> **Work item**
Repeat the listing below exactly from the line with "La fisonomía del libro medieval y moderno" through its last line. Skip every picture.

**** Data records

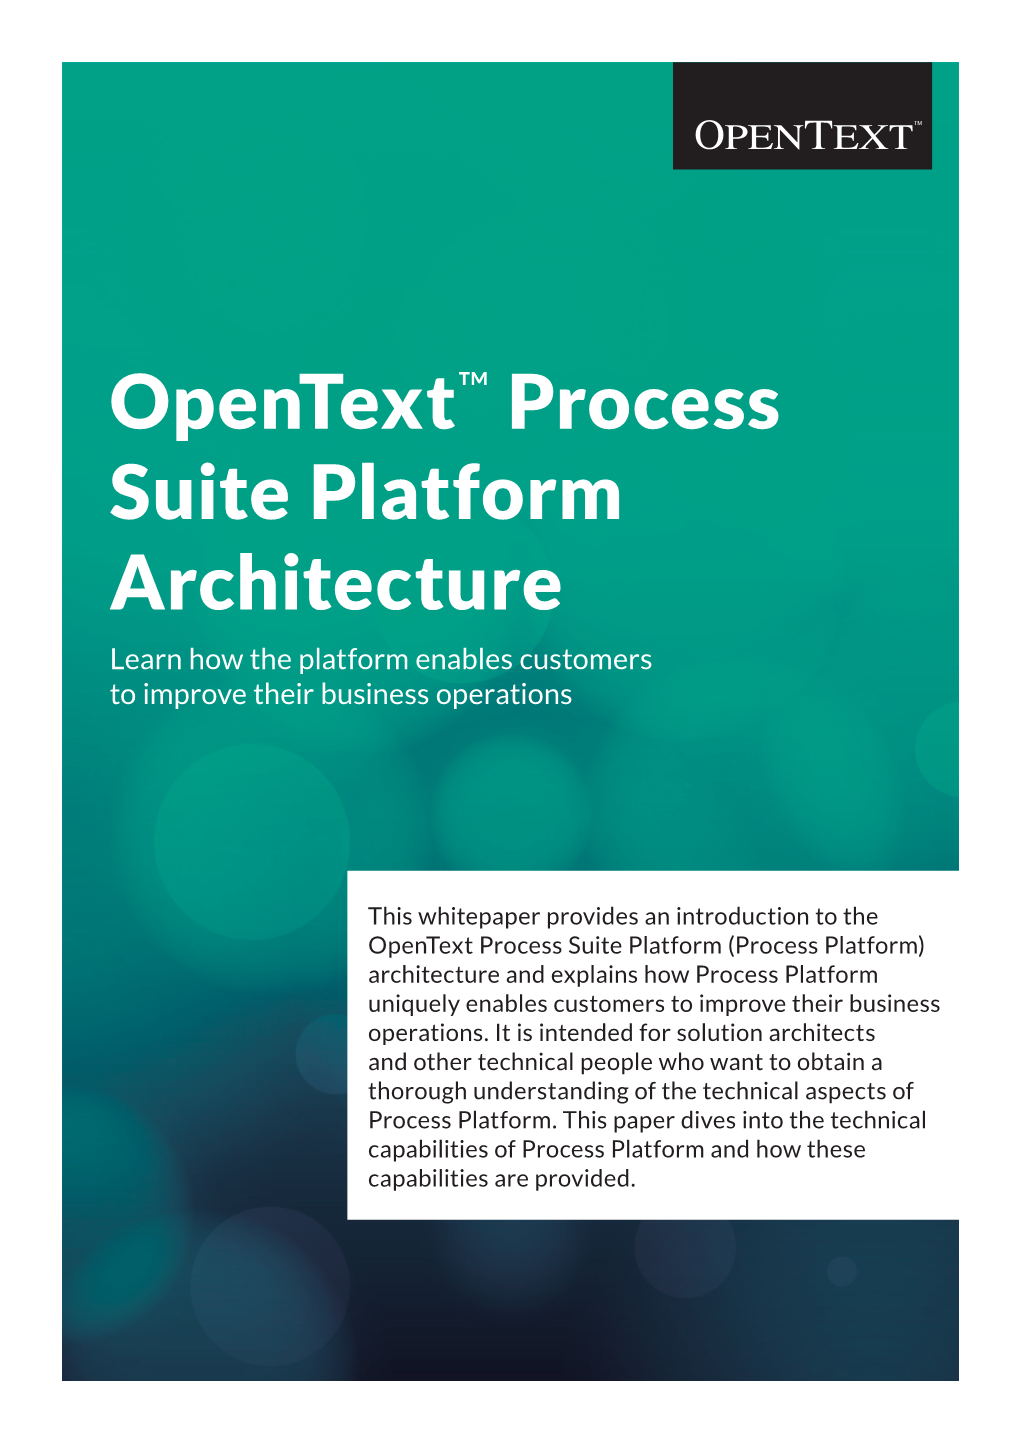 Opentext Process Suite Platform Architecture White Paper
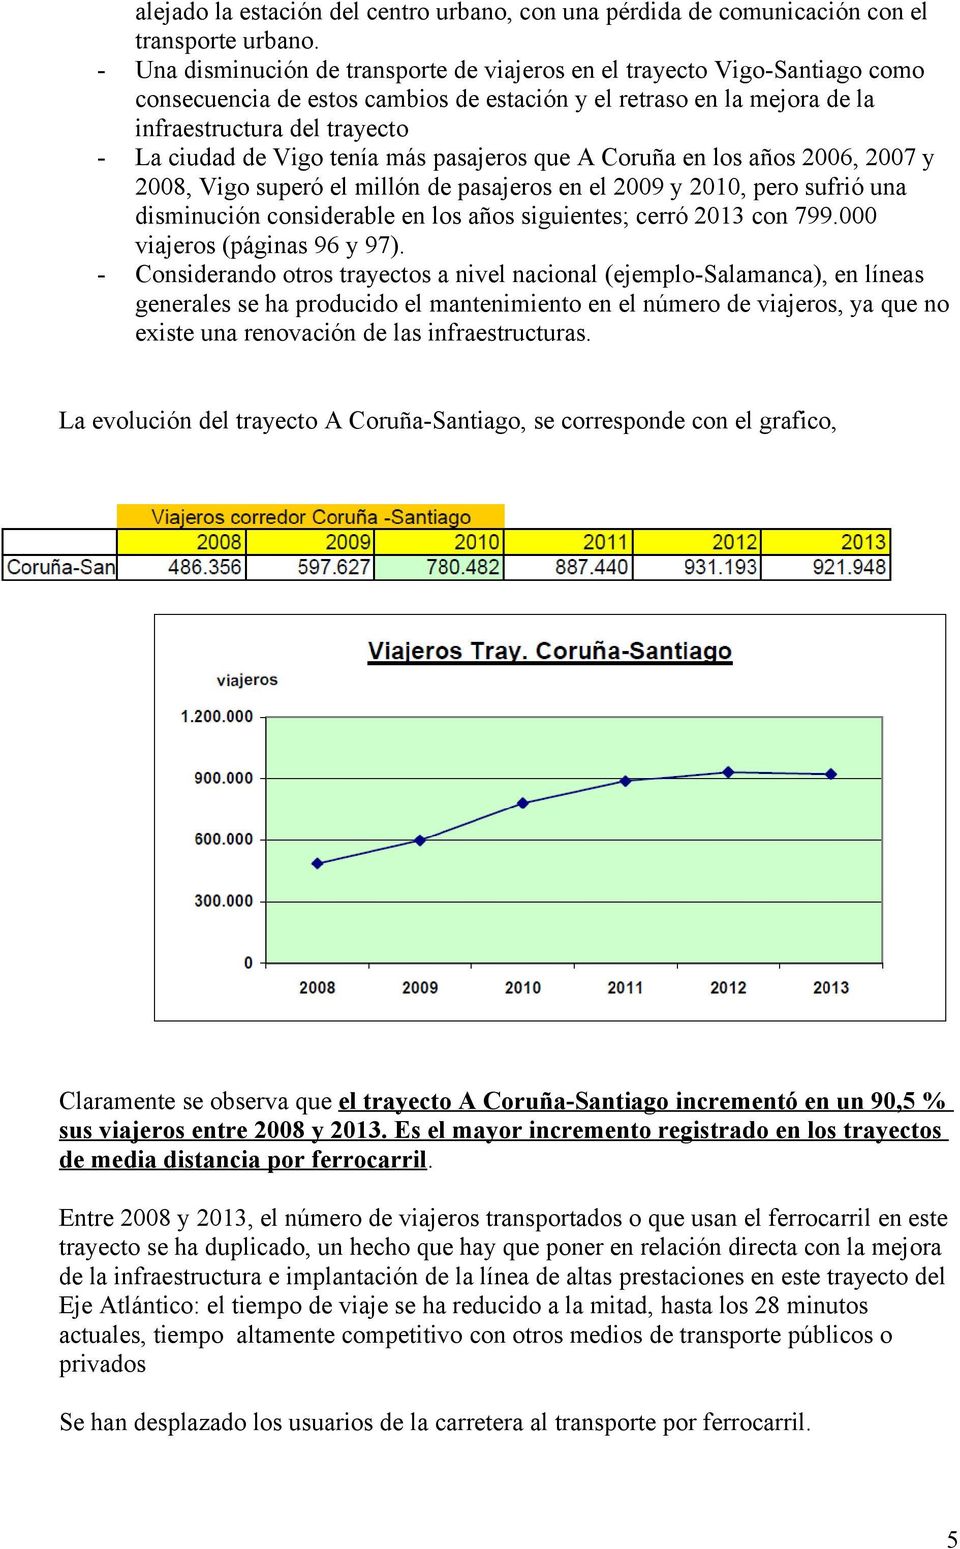 Vigo tenía más pasajeros que A Coruña en los años 2006, 2007 y 2008, Vigo superó el millón de pasajeros en el 2009 y 2010, pero sufrió una disminución considerable en los años siguientes; cerró 2013
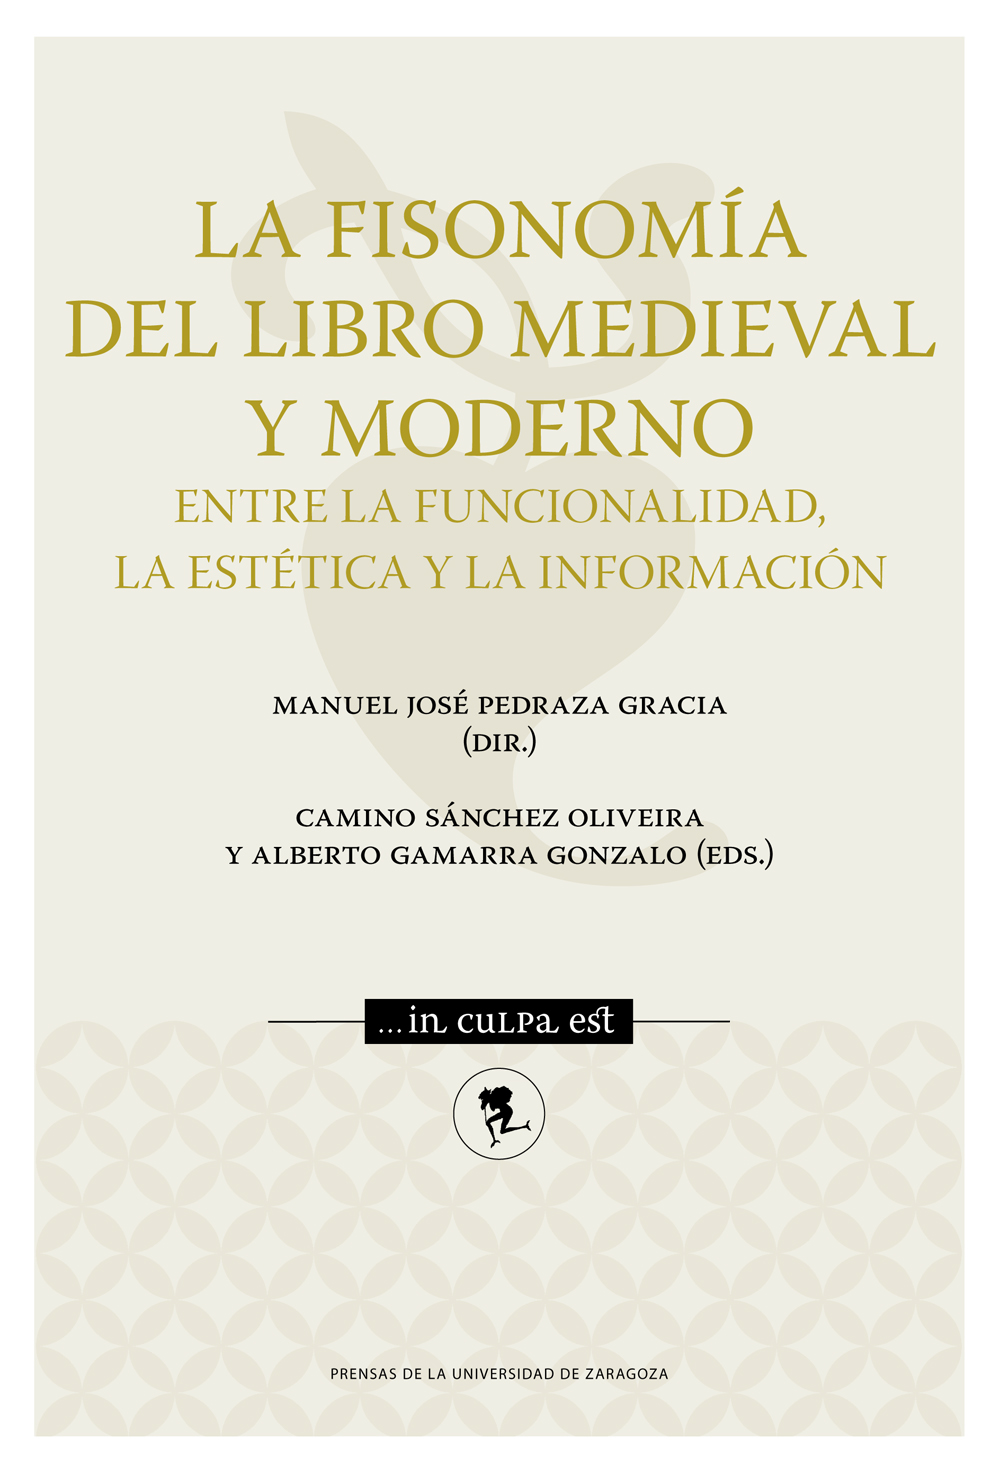 La fisonomía del libro medieval y moderno
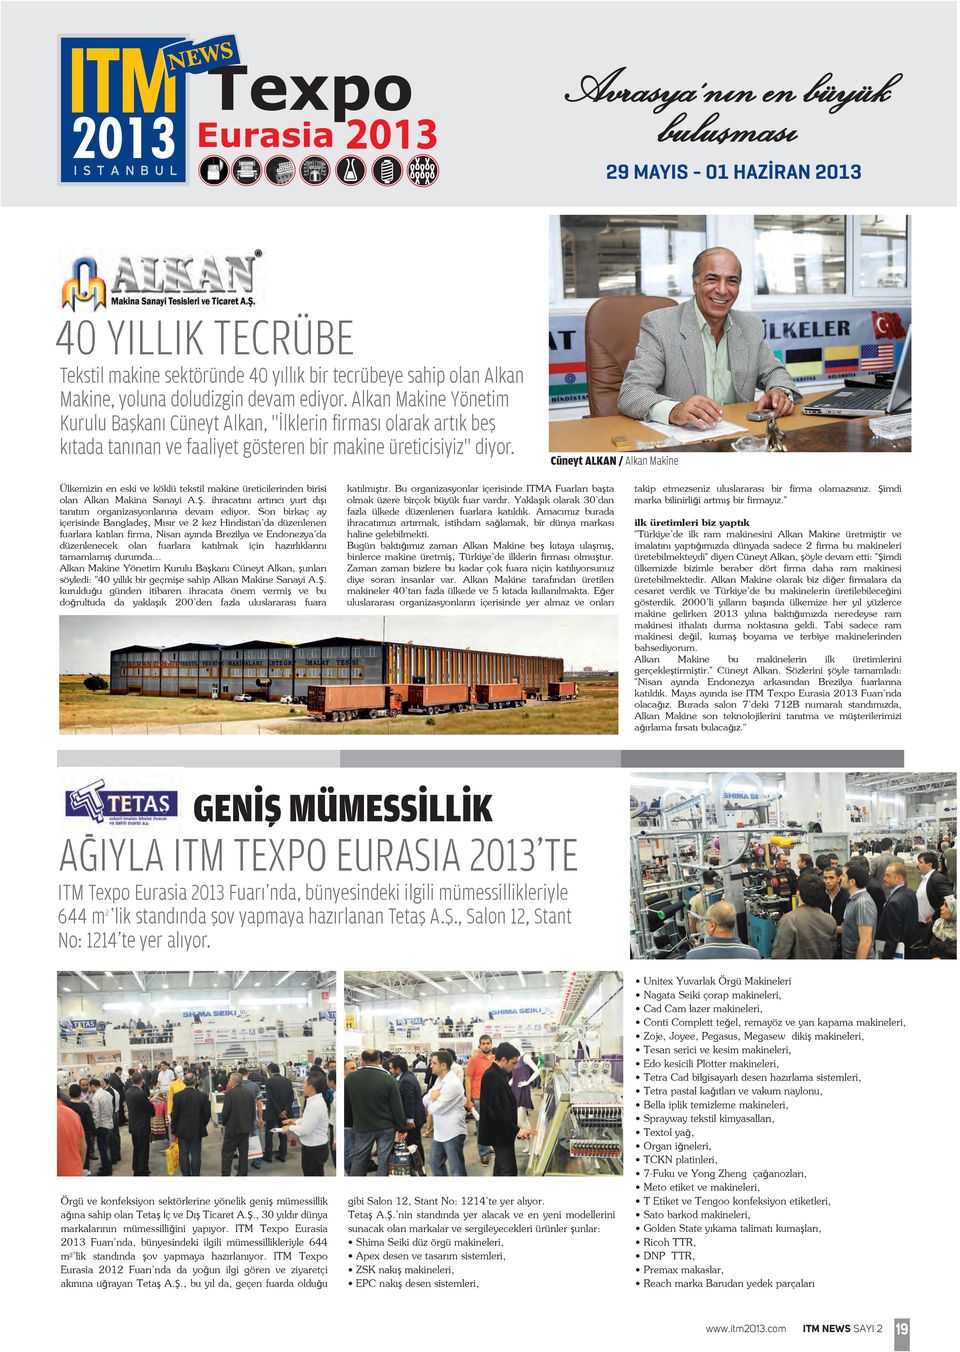 Cüneyt ALKAN / Alkan Makine Ülkemizin en eski ve köklü tekstil makine üreticilerinden birisi olan Alkan Makina Sanayi A.Ş. ihracatını artırıcı yurt dışı tanıtım organizasyonlarına devam ediyor.
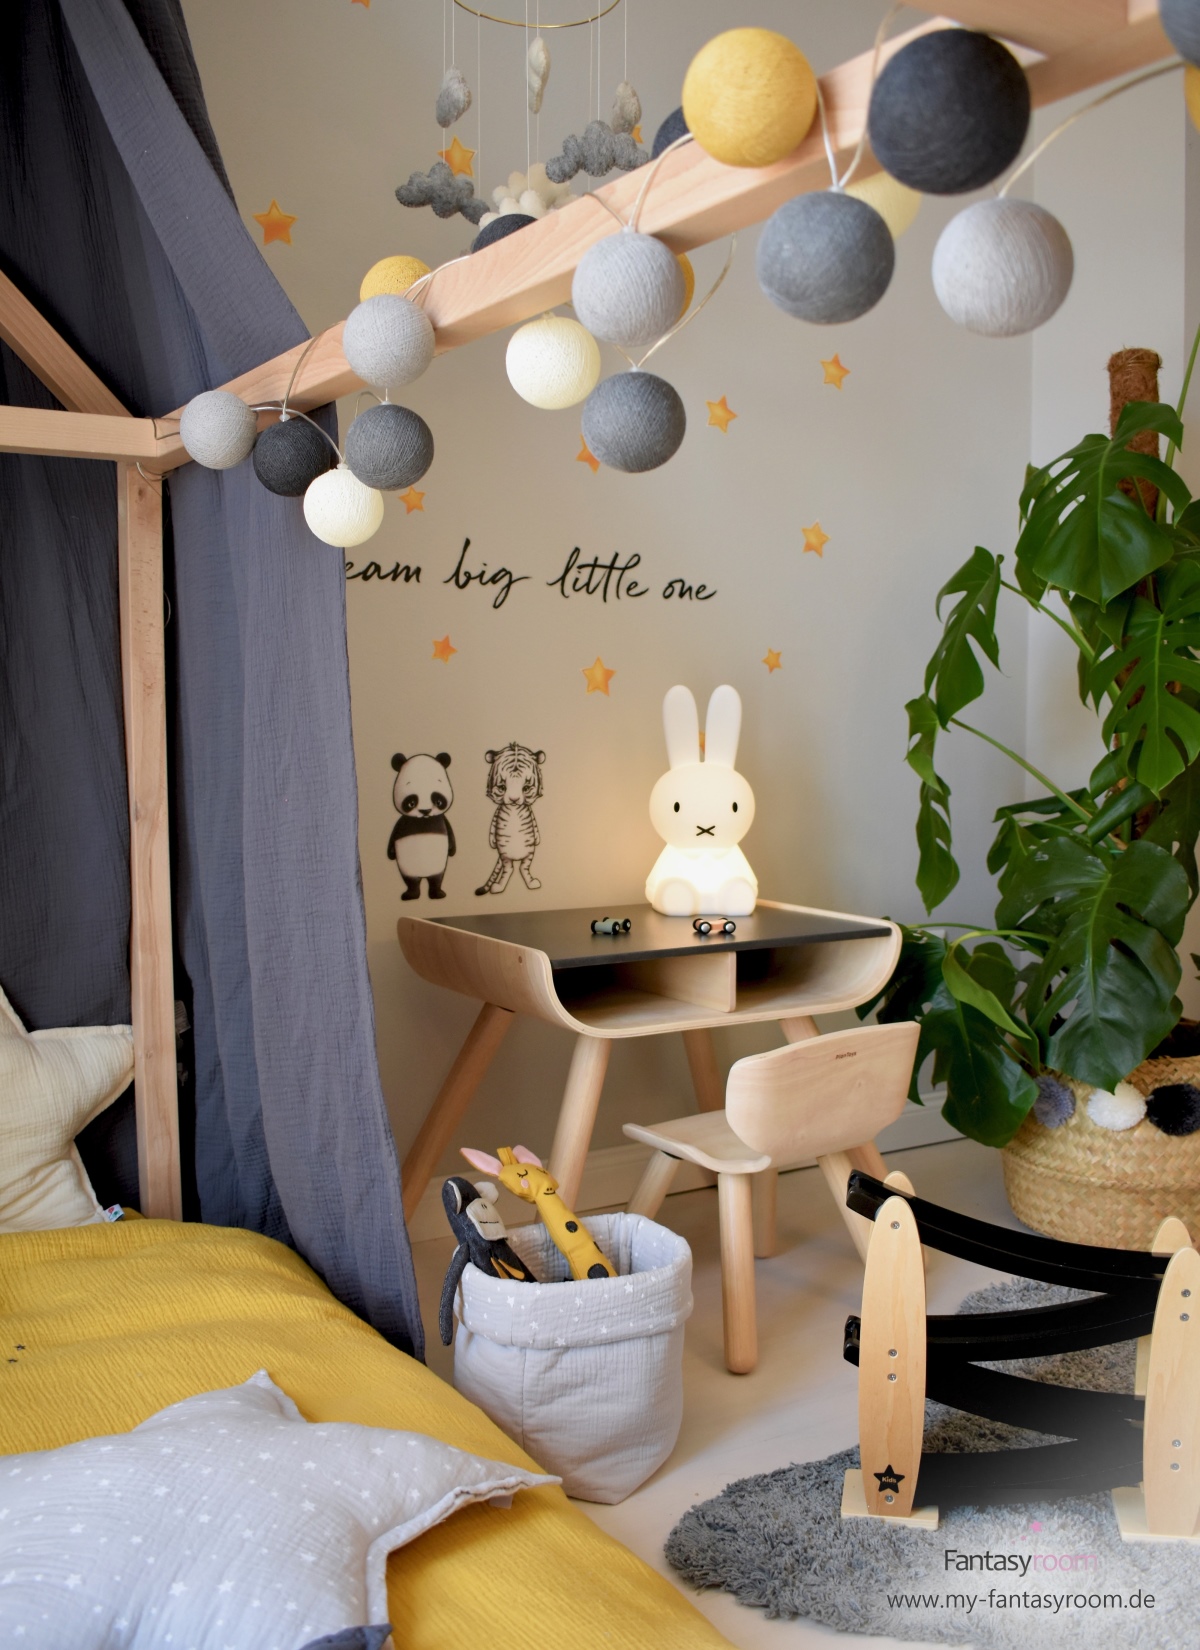 Lichterkette am Hausbett im stylischen Kinderzimmer in Senfgelb und Grau

********

> **Solution to the problem**
 La fisonomía del libro medieval y moderno
 Cüneyt ALKAN / Alkan Makine Ülkemizin en eski ve köklü tekstil makine üreticilerinden birisi olan Alkan Makina Sanayi A.Ş. ihracatını artırıcı yurt dışı tanıtım organizasyonlarına devam ediyor.
 Lichterkette am Hausbett im stylischen Kinderzimmer in Senfgelb und Grau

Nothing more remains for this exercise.